Capítulo III – A Superfície e o Subterrâneo

2. A Ética Capitalista e o Espírito da Contracultura

O discurso romântico, entendido em sentido lato, e demais correntes filosóficas nele inspiradas durante os séculos XIX e XX, foram uma resposta à cisão do ser humano e da natureza perpetrada pelo mecanicismo e, como é óbvio, pelas correlativas transformações no plano social desencadeadas pelo advento do capitalismo.

As duas coisas estão intimamente ligadas: em detrimento da qualidade, a quantidade passou a predominar na descrição do universo e também nas formas pelas quais a economia e a política se organizaram; mundo e homem passaram por um processo de desencantamento do qual, ao fim e ao cabo, restaram os números, entidades abstratas e sem vida.
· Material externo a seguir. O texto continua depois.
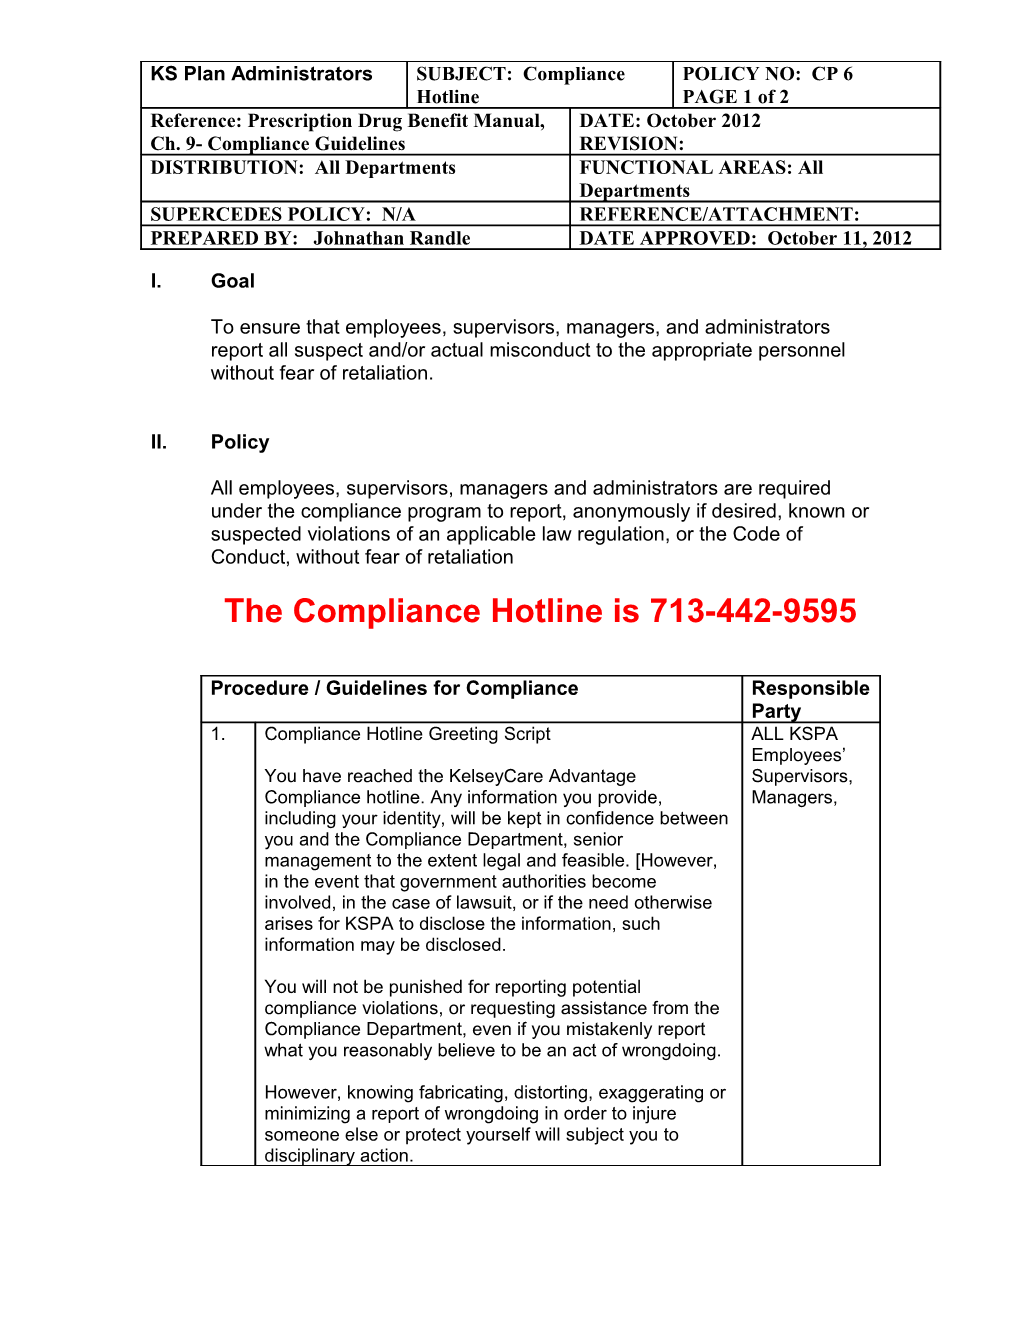 The Compliance Hotline Is 713-442-9595
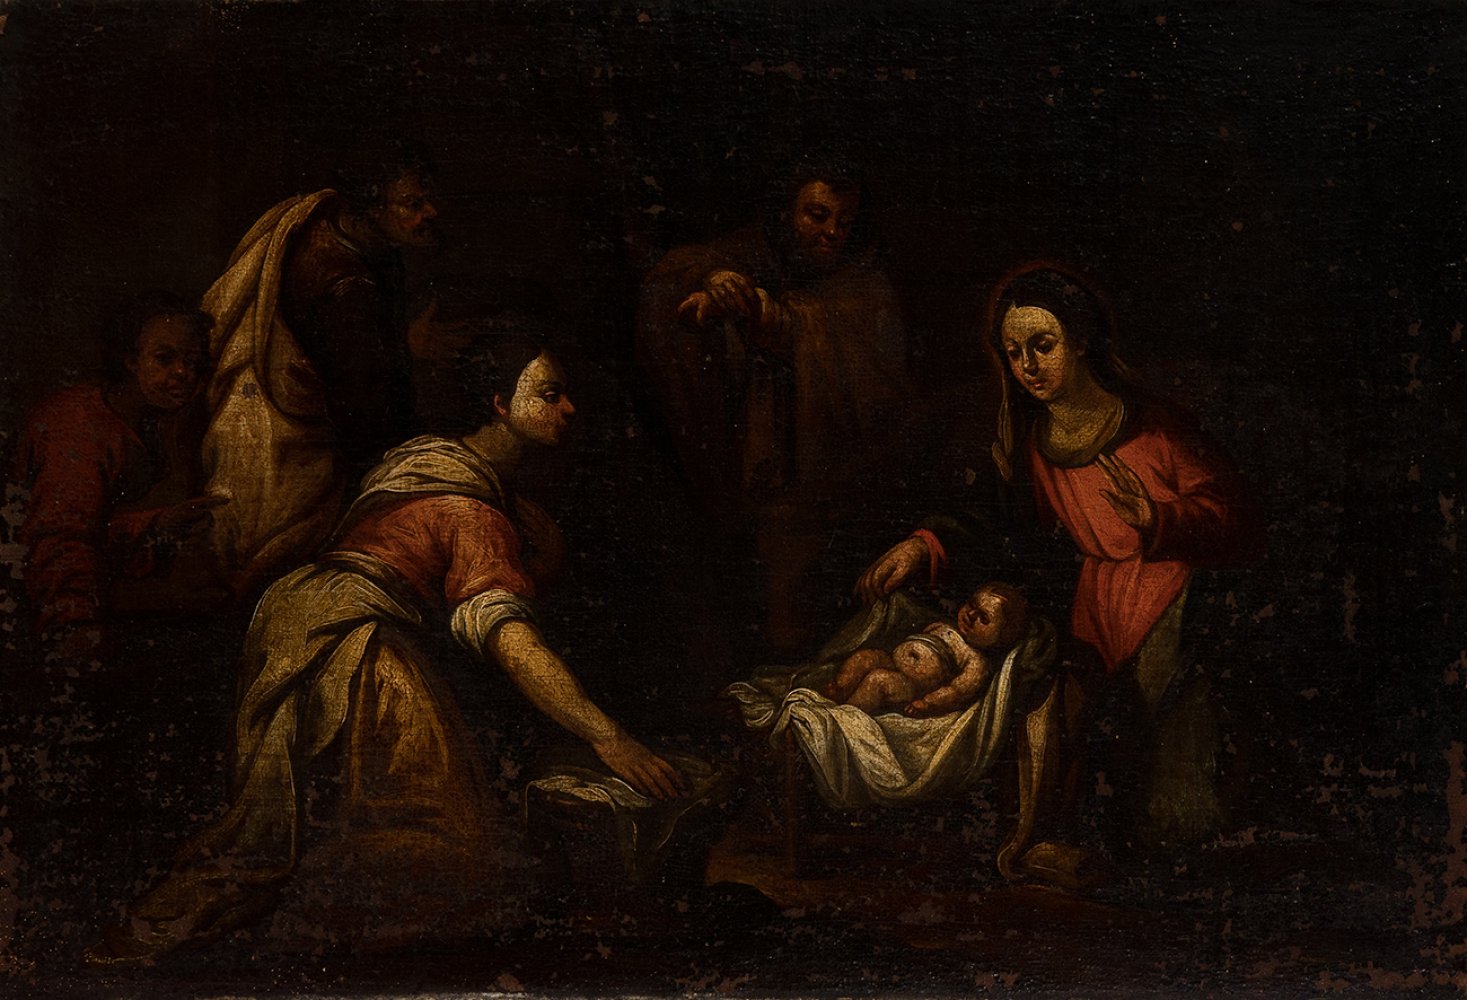 Sevillian school; late 17th century."Adoration of the Shepherds".Oil on canvas. Re-drawn.It presents

A razão, reduzida que foi a uma entidade no interior do psiquismo humano, do qual deve se assenhorear, de preferência mantendo uma distância segura, traduziu-se na única forma de conhecimento legítima; conhecimento que costura sua infalibilidade pelo desprezo do imponderável tanto nas equações matemáticas quanto nas próprias relações humanas.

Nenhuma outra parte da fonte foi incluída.